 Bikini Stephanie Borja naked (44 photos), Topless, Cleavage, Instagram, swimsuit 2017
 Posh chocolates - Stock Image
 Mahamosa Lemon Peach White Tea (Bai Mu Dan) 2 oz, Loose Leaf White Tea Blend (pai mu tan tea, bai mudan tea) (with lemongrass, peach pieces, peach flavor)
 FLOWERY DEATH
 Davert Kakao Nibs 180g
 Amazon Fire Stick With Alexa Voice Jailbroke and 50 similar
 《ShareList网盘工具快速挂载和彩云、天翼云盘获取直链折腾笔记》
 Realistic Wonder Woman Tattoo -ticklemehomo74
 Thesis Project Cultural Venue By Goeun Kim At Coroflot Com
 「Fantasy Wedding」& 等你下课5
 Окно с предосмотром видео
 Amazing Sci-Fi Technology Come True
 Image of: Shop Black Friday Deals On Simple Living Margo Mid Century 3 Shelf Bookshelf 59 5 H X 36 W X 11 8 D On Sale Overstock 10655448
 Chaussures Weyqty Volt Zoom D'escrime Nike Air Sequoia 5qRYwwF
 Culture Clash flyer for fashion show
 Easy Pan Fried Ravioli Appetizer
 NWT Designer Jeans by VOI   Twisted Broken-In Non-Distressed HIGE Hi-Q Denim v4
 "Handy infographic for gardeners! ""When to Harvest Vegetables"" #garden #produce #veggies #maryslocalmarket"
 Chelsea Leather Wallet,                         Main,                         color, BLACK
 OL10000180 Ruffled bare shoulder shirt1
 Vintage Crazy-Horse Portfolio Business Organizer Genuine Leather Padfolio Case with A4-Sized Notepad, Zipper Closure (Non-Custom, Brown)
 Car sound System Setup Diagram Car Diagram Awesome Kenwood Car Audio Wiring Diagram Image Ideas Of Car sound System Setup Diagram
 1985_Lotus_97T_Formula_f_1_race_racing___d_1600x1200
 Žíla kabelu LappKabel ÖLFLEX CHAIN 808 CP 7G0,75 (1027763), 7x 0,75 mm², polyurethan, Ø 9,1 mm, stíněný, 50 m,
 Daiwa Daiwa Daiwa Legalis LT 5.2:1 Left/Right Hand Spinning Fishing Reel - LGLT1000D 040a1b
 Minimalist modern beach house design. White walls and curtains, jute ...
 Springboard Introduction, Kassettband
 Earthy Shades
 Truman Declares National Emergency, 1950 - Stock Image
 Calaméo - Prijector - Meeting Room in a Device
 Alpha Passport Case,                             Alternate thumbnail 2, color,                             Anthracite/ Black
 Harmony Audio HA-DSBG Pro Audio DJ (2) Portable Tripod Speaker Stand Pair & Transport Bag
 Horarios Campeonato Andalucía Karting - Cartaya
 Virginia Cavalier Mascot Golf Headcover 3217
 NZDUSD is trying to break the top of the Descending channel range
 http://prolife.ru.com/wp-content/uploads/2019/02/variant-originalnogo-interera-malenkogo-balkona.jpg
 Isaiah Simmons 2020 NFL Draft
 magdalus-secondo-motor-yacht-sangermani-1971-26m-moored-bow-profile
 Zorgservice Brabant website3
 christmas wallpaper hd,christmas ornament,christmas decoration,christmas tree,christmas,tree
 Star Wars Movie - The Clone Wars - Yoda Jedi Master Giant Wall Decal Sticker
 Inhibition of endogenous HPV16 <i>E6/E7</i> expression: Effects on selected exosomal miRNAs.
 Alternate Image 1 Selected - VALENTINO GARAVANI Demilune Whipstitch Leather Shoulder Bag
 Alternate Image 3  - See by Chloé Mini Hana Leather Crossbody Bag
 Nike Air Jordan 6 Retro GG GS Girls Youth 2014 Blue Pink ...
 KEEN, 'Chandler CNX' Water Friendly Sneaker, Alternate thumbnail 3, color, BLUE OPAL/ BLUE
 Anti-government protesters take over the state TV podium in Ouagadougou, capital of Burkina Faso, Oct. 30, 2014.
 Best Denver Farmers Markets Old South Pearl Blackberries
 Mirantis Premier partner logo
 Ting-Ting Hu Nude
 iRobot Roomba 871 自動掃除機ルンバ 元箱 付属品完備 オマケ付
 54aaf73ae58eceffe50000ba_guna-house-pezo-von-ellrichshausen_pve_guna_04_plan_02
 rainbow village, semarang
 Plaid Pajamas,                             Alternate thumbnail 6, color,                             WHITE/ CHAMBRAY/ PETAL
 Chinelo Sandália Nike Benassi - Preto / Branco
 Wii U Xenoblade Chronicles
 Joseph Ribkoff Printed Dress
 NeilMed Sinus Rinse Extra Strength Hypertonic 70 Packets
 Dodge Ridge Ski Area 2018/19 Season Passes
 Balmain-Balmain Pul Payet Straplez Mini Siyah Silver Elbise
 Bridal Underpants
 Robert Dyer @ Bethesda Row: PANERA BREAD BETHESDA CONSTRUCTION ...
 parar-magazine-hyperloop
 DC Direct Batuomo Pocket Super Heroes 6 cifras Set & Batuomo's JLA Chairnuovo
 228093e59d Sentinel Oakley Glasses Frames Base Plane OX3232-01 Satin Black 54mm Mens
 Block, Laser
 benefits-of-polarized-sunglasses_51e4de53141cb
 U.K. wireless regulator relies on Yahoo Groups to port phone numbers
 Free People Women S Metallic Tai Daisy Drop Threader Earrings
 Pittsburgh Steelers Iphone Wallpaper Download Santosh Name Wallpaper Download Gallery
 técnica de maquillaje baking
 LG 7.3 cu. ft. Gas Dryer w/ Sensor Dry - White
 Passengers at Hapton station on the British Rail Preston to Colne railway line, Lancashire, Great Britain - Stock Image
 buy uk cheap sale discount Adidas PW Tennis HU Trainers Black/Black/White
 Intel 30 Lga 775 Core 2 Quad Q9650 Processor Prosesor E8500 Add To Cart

## [INSTRUCTIONS TO FOLLOW]
The records above are to be returned exactly as they appear.

## [EXERCISE RESULT]
 Bikini Stephanie Borja naked (44 photos), Topless, Cleavage, Instagram, swimsuit 2017
 Posh chocolates - Stock Image
 Mahamosa Lemon Peach White Tea (Bai Mu Dan) 2 oz, Loose Leaf White Tea Blend (pai mu tan tea, bai mudan tea) (with lemongrass, peach pieces, peach flavor)
 FLOWERY DEATH
 Davert Kakao Nibs 180g
 Amazon Fire Stick With Alexa Voice Jailbroke and 50 similar
 《ShareList网盘工具快速挂载和彩云、天翼云盘获取直链折腾笔记》
 Realistic Wonder Woman Tattoo -ticklemehomo74
 Thesis Project Cultural Venue By Goeun Kim At Coroflot Com
 「Fantasy Wedding」& 等你下课5
 Окно с предосмотром видео
 Amazing Sci-Fi Technology Come True
 Image of: Shop Black Friday Deals On Simple Living Margo Mid Century 3 Shelf Bookshelf 59 5 H X 36 W X 11 8 D On Sale Overstock 10655448
 Chaussures Weyqty Volt Zoom D'escrime Nike Air Sequoia 5qRYwwF
 Culture Clash flyer for fashion show
 Easy Pan Fried Ravioli Appetizer
 NWT Designer Jeans by VOI   Twisted Broken-In Non-Distressed HIGE Hi-Q Denim v4
 "Handy infographic for gardeners! ""When to Harvest Vegetables"" #garden #produce #veggies #maryslocalmarket"
 Chelsea Leather Wallet,                         Main,                         color, BLACK
 OL10000180 Ruffled bare shoulder shirt1
 Vintage Crazy-Horse Portfolio Business Organizer Genuine Leather Padfolio Case with A4-Sized Notepad, Zipper Closure (Non-Custom, Brown)
 Car sound System Setup Diagram Car Diagram Awesome Kenwood Car Audio Wiring Diagram Image Ideas Of Car sound System Setup Diagram
 1985_Lotus_97T_Formula_f_1_race_racing___d_1600x1200
 Žíla kabelu LappKabel ÖLFLEX CHAIN 808 CP 7G0,75 (1027763), 7x 0,75 mm², polyurethan, Ø 9,1 mm, stíněný, 50 m,
 Daiwa Daiwa Daiwa Legalis LT 5.2:1 Left/Right Hand Spinning Fishing Reel - LGLT1000D 040a1b
 Minimalist modern beach house design. White walls and curtains, jute ...
 Springboard Introduction, Kassettband
 Earthy Shades
 Truman Declares National Emergency, 1950 - Stock Image
 Calaméo - Prijector - Meeting Room in a Device
 Alpha Passport Case,                             Alternate thumbnail 2, color,                             Anthracite/ Black
 Harmony Audio HA-DSBG Pro Audio DJ (2) Portable Tripod Speaker Stand Pair & Transport Bag
 Horarios Campeonato Andalucía Karting - Cartaya
 Virginia Cavalier Mascot Golf Headcover 3217
 NZDUSD is trying to break the top of the Descending channel range
 http://prolife.ru.com/wp-content/uploads/2019/02/variant-originalnogo-interera-malenkogo-balkona.jpg
 Isaiah Simmons 2020 NFL Draft
 magdalus-secondo-motor-yacht-sangermani-1971-26m-moored-bow-profile
 Zorgservice Brabant website3
 christmas wallpaper hd,christmas ornament,christmas decoration,christmas tree,christmas,tree
 Star Wars Movie - The Clone Wars - Yoda Jedi Master Giant Wall Decal Sticker
 Inhibition of endogenous HPV16 <i>E6/E7</i> expression: Effects on selected exosomal miRNAs.
 Alternate Image 1 Selected - VALENTINO GARAVANI Demilune Whipstitch Leather Shoulder Bag
 Alternate Image 3  - See by Chloé Mini Hana Leather Crossbody Bag
 Nike Air Jordan 6 Retro GG GS Girls Youth 2014 Blue Pink ...
 KEEN, 'Chandler CNX' Water Friendly Sneaker, Alternate thumbnail 3, color, BLUE OPAL/ BLUE
 Anti-government protesters take over the state TV podium in Ouagadougou, capital of Burkina Faso, Oct. 30, 2014.
 Best Denver Farmers Markets Old South Pearl Blackberries
 Mirantis Premier partner logo
 Ting-Ting Hu Nude
 iRobot Roomba 871 自動掃除機ルンバ 元箱 付属品完備 オマケ付
 54aaf73ae58eceffe50000ba_guna-house-pezo-von-ellrichshausen_pve_guna_04_plan_02
 rainbow village, semarang
 Plaid Pajamas,                             Alternate thumbnail 6, color,                             WHITE/ CHAMBRAY/ PETAL
 Chinelo Sandália Nike Benassi - Preto / Branco
 Wii U Xenoblade Chronicles
 Joseph Ribkoff Printed Dress
 NeilMed Sinus Rinse Extra Strength Hypertonic 70 Packets
 Dodge Ridge Ski Area 2018/19 Season Passes
 Balmain-Balmain Pul Payet Straplez Mini Siyah Silver Elbise
 Bridal Underpants
 Robert Dyer @ Bethesda Row: PANERA BREAD BETHESDA CONSTRUCTION ...
 parar-magazine-hyperloop
 DC Direct Batuomo Pocket Super Heroes 6 cifras Set & Batuomo's JLA Chairnuovo
 228093e59d Sentinel Oakley Glasses Frames Base Plane OX3232-01 Satin Black 54mm Mens
 Block, Laser
 benefits-of-polarized-sunglasses_51e4de53141cb
 U.K. wireless regulator relies on Yahoo Groups to port phone numbers
 Free People Women S Metallic Tai Daisy Drop Threader Earrings
 Pittsburgh Steelers Iphone Wallpaper Download Santosh Name Wallpaper Download Gallery
 técnica de maquillaje baking
 LG 7.3 cu. ft. Gas Dryer w/ Sensor Dry - White
 Passengers at Hapton station on the British Rail Preston to Colne railway line, Lancashire, Great Britain - Stock Image
 buy uk cheap sale discount Adidas PW Tennis HU Trainers Black/Black/White
 Intel 30 Lga 775 Core 2 Quad Q9650 Processor Prosesor E8500 Add To Cart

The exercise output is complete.